* Task description *
The listing below should be printed exactly, though its pictures must not be.
*** Information shown Section Begins ***
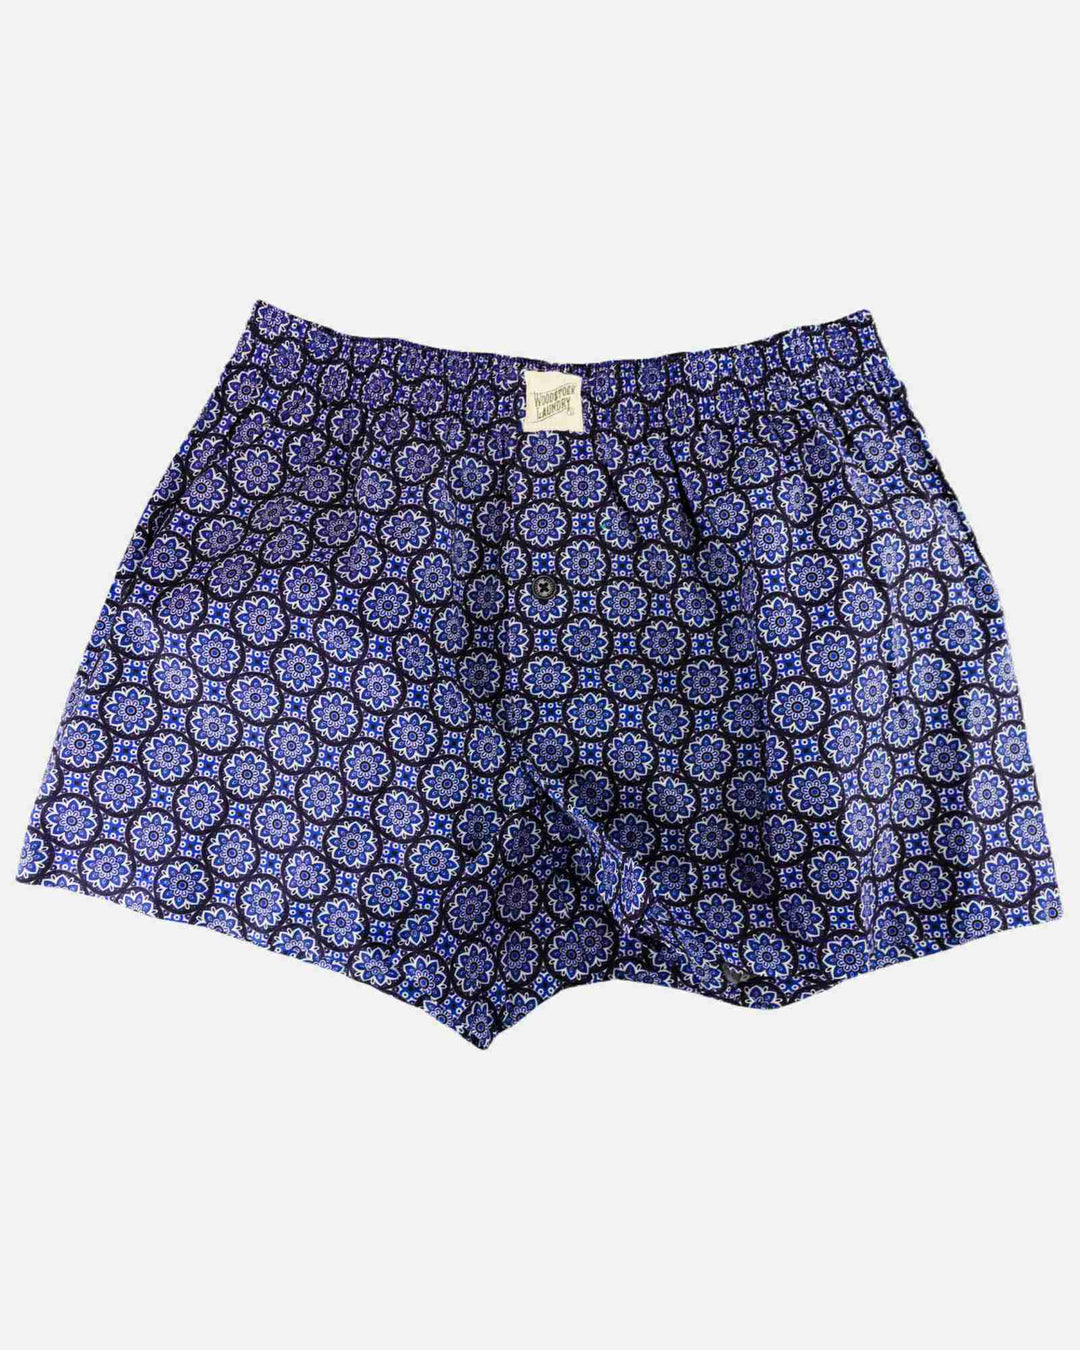 Mens boxer shorts - indigo floral
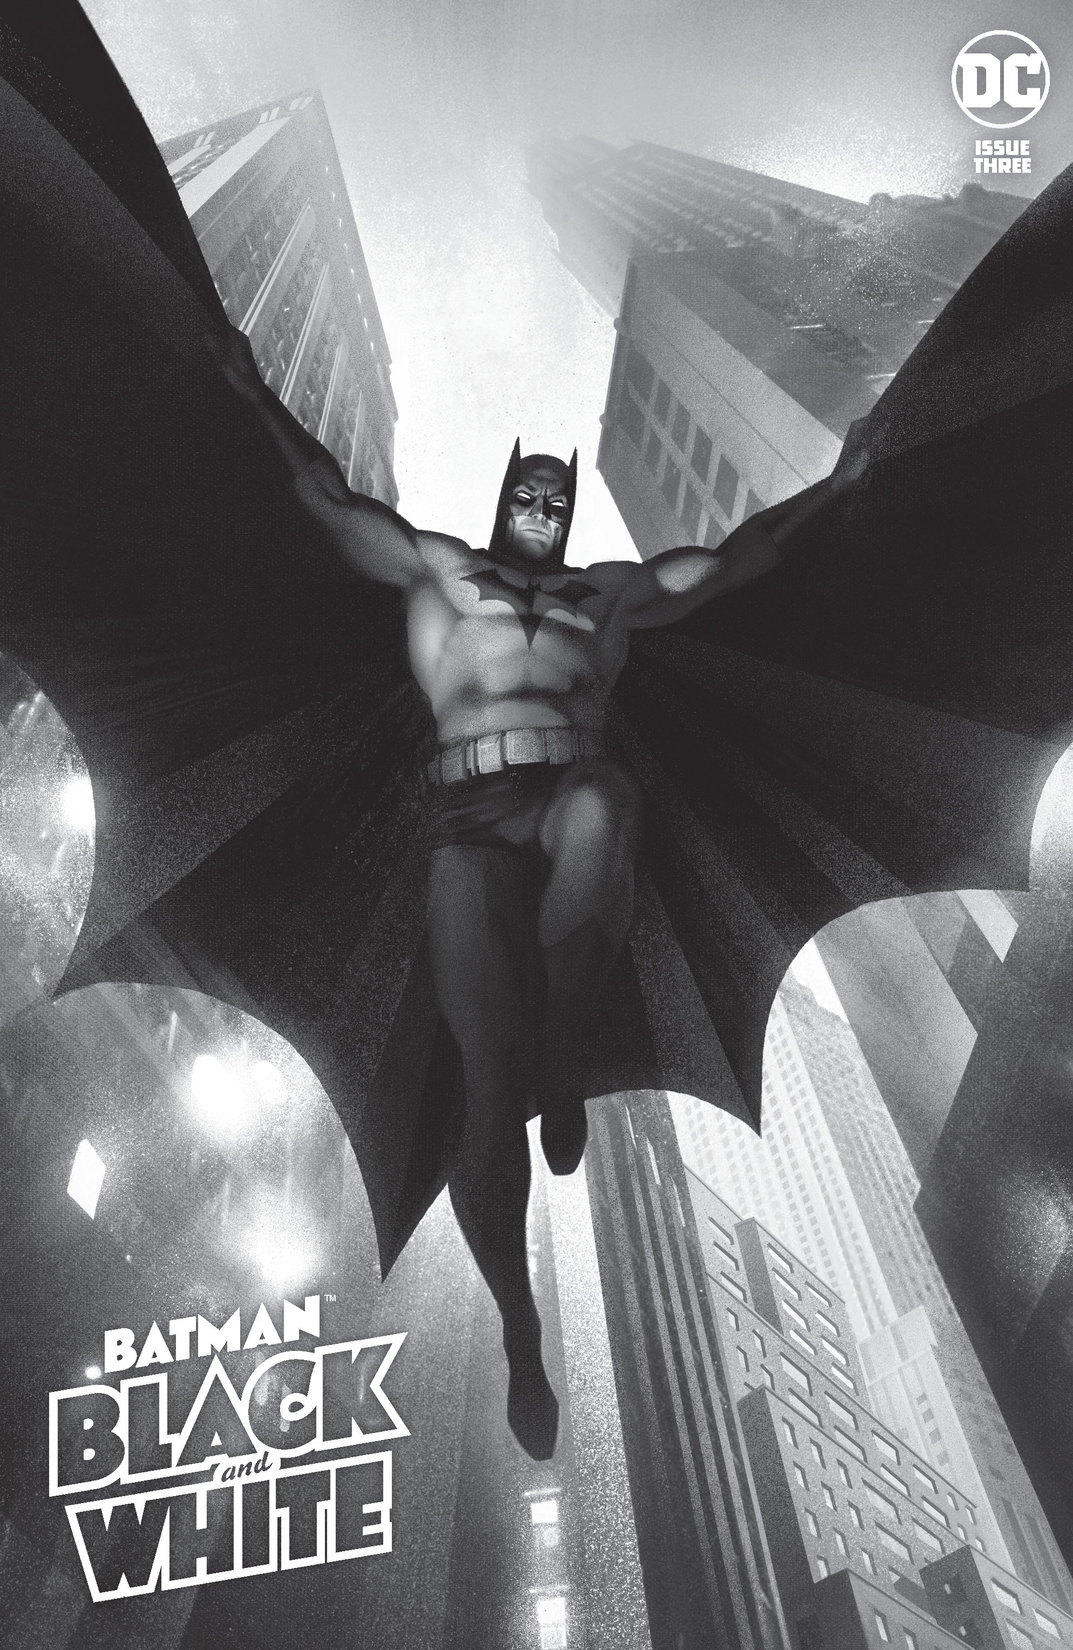 Batman Black & White (2020-) #3 preview images
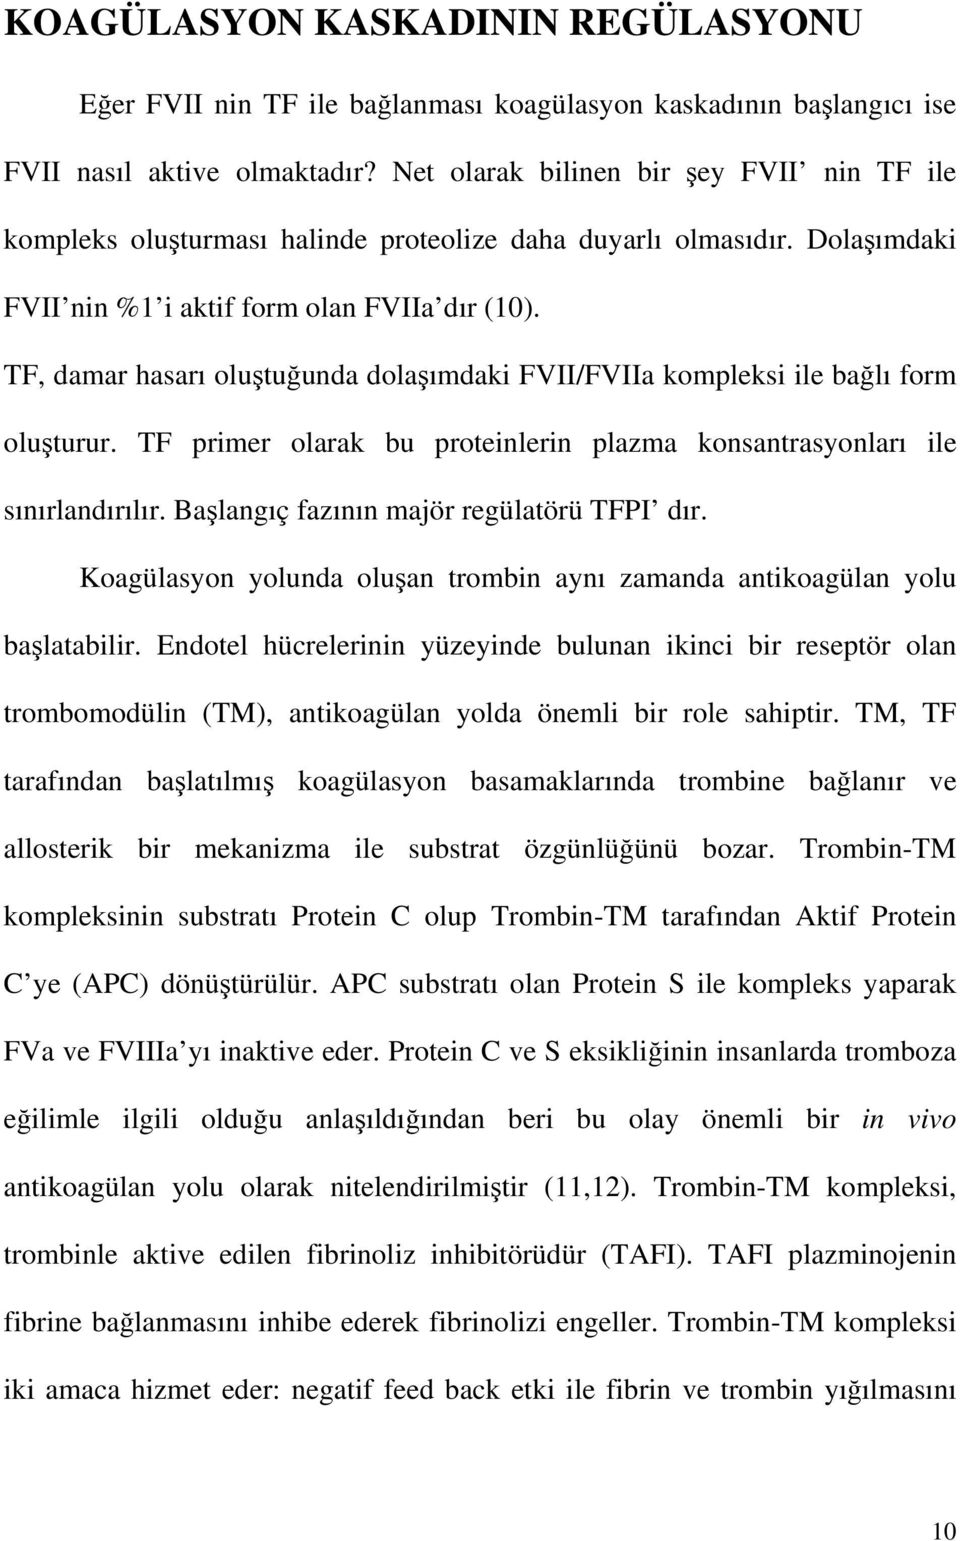 TF, damar hasarı oluştuğunda dolaşımdaki FVII/FVIIa kompleksi ile bağlı form oluşturur. TF primer olarak bu proteinlerin plazma konsantrasyonları ile sınırlandırılır.
*** Information shown Section Ends ***
* Exercise result *
 Mens boxer shorts - indigo floral
 Batman Black & White (2020-) #3 preview images
 TF, damar hasarı oluştuğunda dolaşımdaki FVII/FVIIa kompleksi ile bağlı form oluşturur. TF primer olarak bu proteinlerin plazma konsantrasyonları ile sınırlandırılır.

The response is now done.